Et c’est là que ça se produit. Dans le couloir, la voix qui récite est arrivée à Sprang, Steward, et Sudby. Dans cette cellule, un homme allongé sur le sol sale dans la longue lumière de l’aube touche finalement le fond, qui est, par définition, le point en dessous duquel on ne peut pas descendre, sauf à trouver une pelle et à se mettre à creuser.
De là où il est, allongé là et le regard glissant sur le sol, les moutons de poussière ressemblent à des bouquets d’arbres fantomatiques et les tas de crasse, à des collines dans un paysage minier et désertique. Il se dit : On est en quoi, février ? Février 1982 ? Quelque chose comme ça. Eh bien, je vais te dire, je me donne un an pour essayer de me ressaisir et de tout mettre au propre. Une année pour essayer de faire quelque chose – n’importe quoi – pour justifier le risque que ces deux gars ont pris. Si je peux faire quelque chose, je continuerai. Mais si en février 1983 je bois toujours, je me tuerai.

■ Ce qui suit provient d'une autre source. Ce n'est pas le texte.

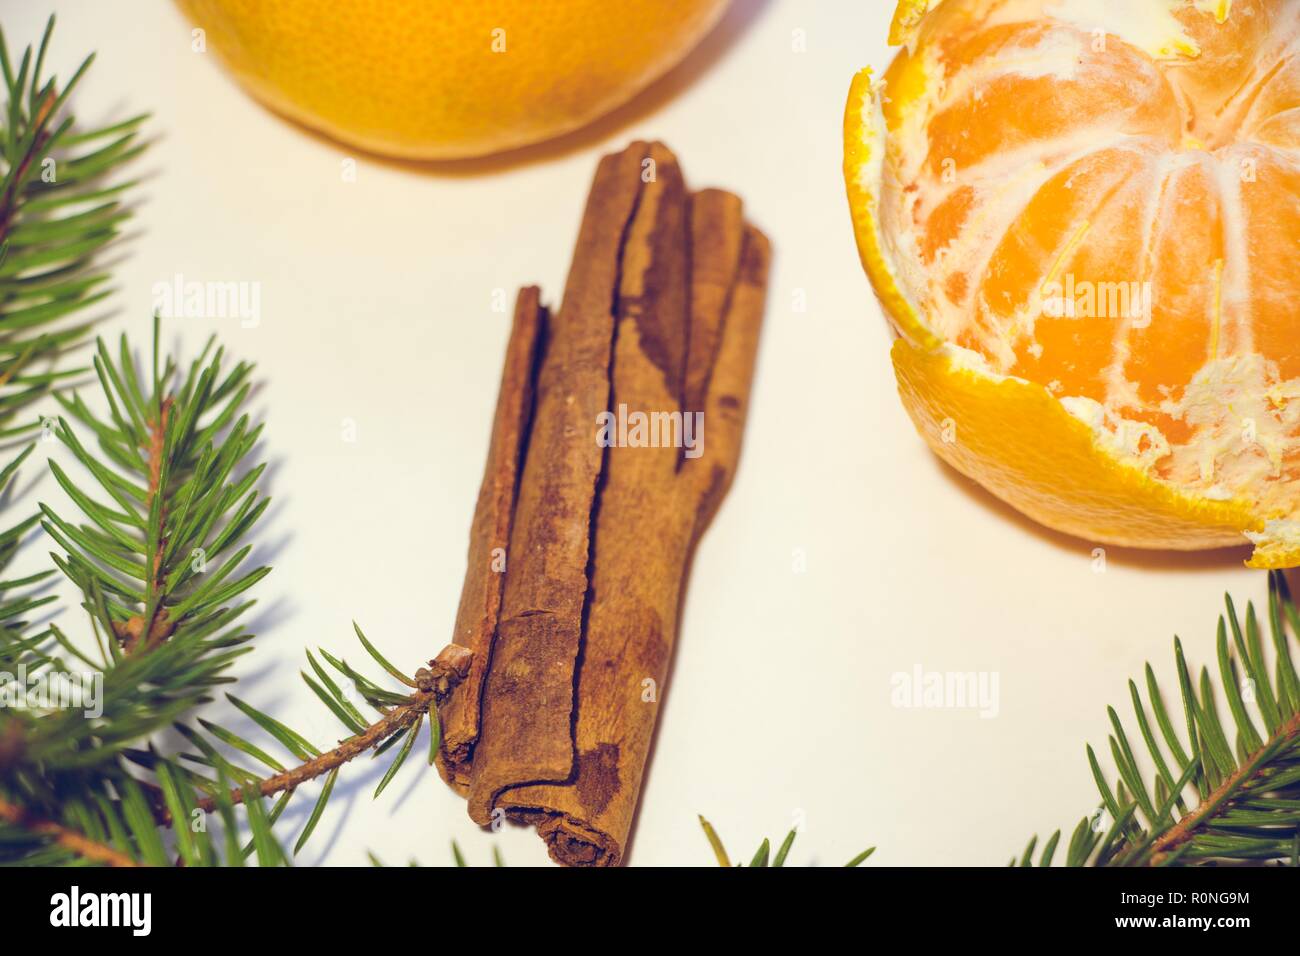 Deux mandarines, dont une est pelée, reposent sur un fond blanc. Autour de la tangerine sont branches et quelques bâtons de cannelle parfumé. Banque D'Images

En bas du couloir, la voix est finalement arrivée à Targenfield.
13
Callahan se tut pendant un moment. Il but une gorgée de café, grimaça, et se versa une rasade de cidre, à la place.

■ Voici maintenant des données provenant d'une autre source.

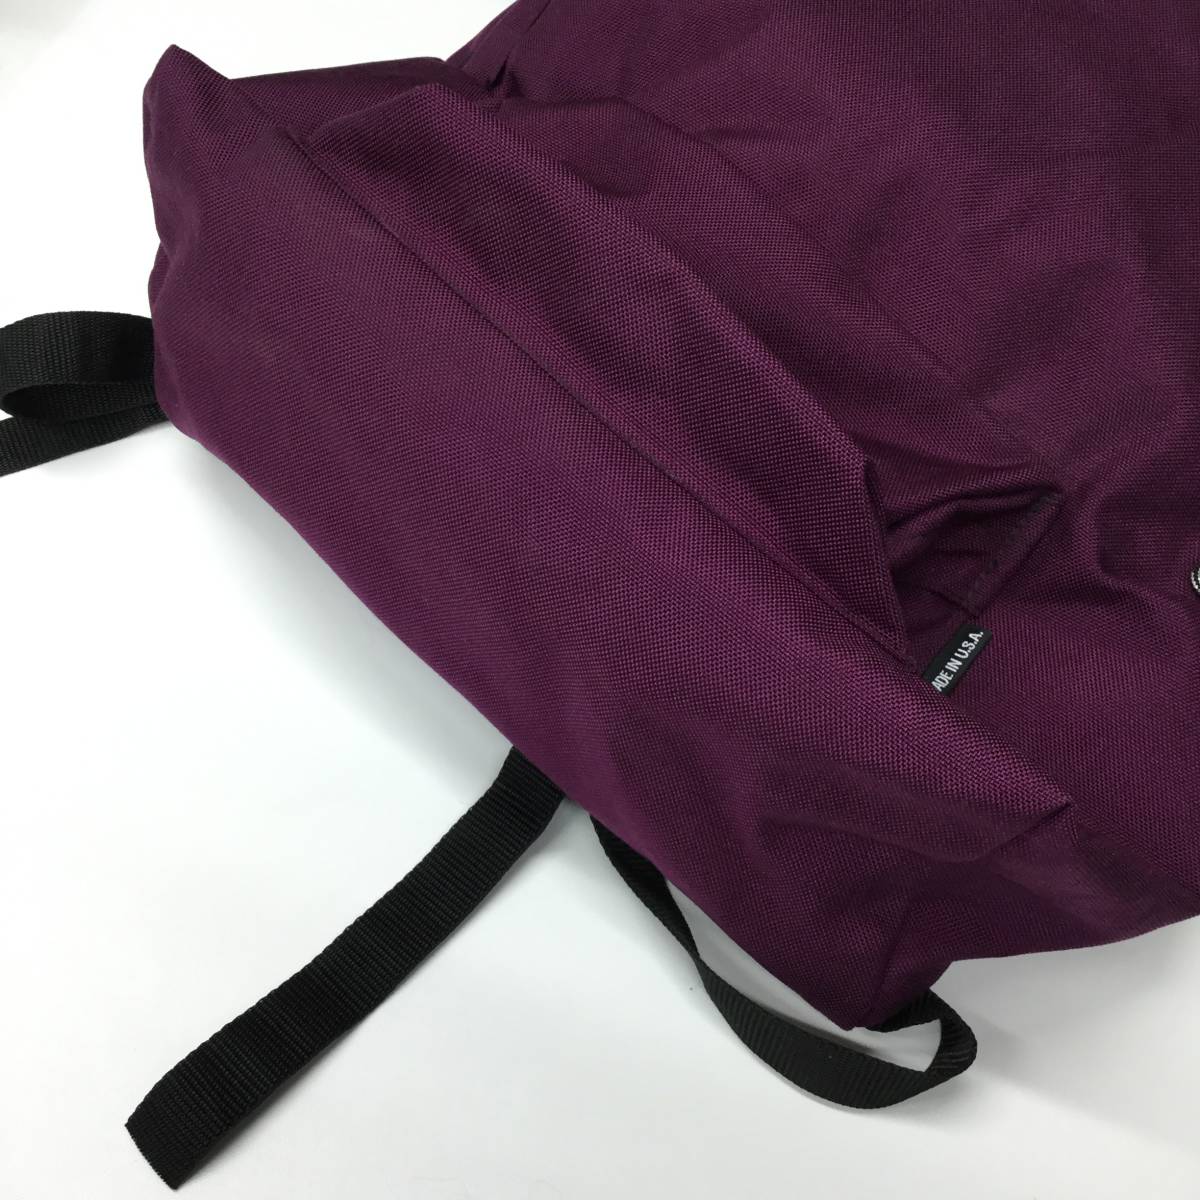  товар в хорошем состоянии  90s USA пр-во    на улице   продукция  OUTDOOR PRODUCTS  рюкзак    рюкзак   фиолетовый

— Je savais comment amorcer la remontée. Dieu sait que j’avais connu assez d’ivrognes ayant touché le fond dans les réunions des AA dans l’East Side. Alors quand ils m’ont laissé sortir, j’ai trouvé l’adresse des AA à Topeka, et j’y suis allé tous les jours. Je ne regardais ni en avant, ni en arrière. « Le passé, c’est de l’histoire ancienne, et l’avenir, c’est le mystère », ils disent. Sauf que cette fois, au lieu de m’asseoir au fond de la pièce et de ne rien dire, je me suis forcé à me placer au premier rang, et pendant les présentations, à dire : « Je m’appelle Don C. et je veux m’arrêter de boire. » Je le voulais vraiment, je le voulais chaque jour, mais les AA ont des dictons pour tout, et l’un d’eux est : « Fais semblant, jusqu’au jour où tu y arriveras. » Et petit à petit, j’y suis arrivé. Je me suis réveillé un jour de l’automne 1982 et je me suis rendu compte que je ne voulais vraiment plus boire. La compulsion, comme ils disent, avait disparu.
J’ai changé de décor. Durant la première année de sobriété, on n’est pas censé procéder à des changements radicaux dans sa vie, mais un jour, alors que j’étais dans Cage Park – dans la Roseraie Reinisch, en fait…
Il laissa sa voix se perdre, le regard posé sur eux.
— Quoi ? Vous connaissez cet endroit ? Ne me dites pas que vous connaissez le Reinisch !
— On y est allé, dit Susannah d’un ton calme. On a vu le train miniature.
— Voilà qui est incroyable, dit Callahan.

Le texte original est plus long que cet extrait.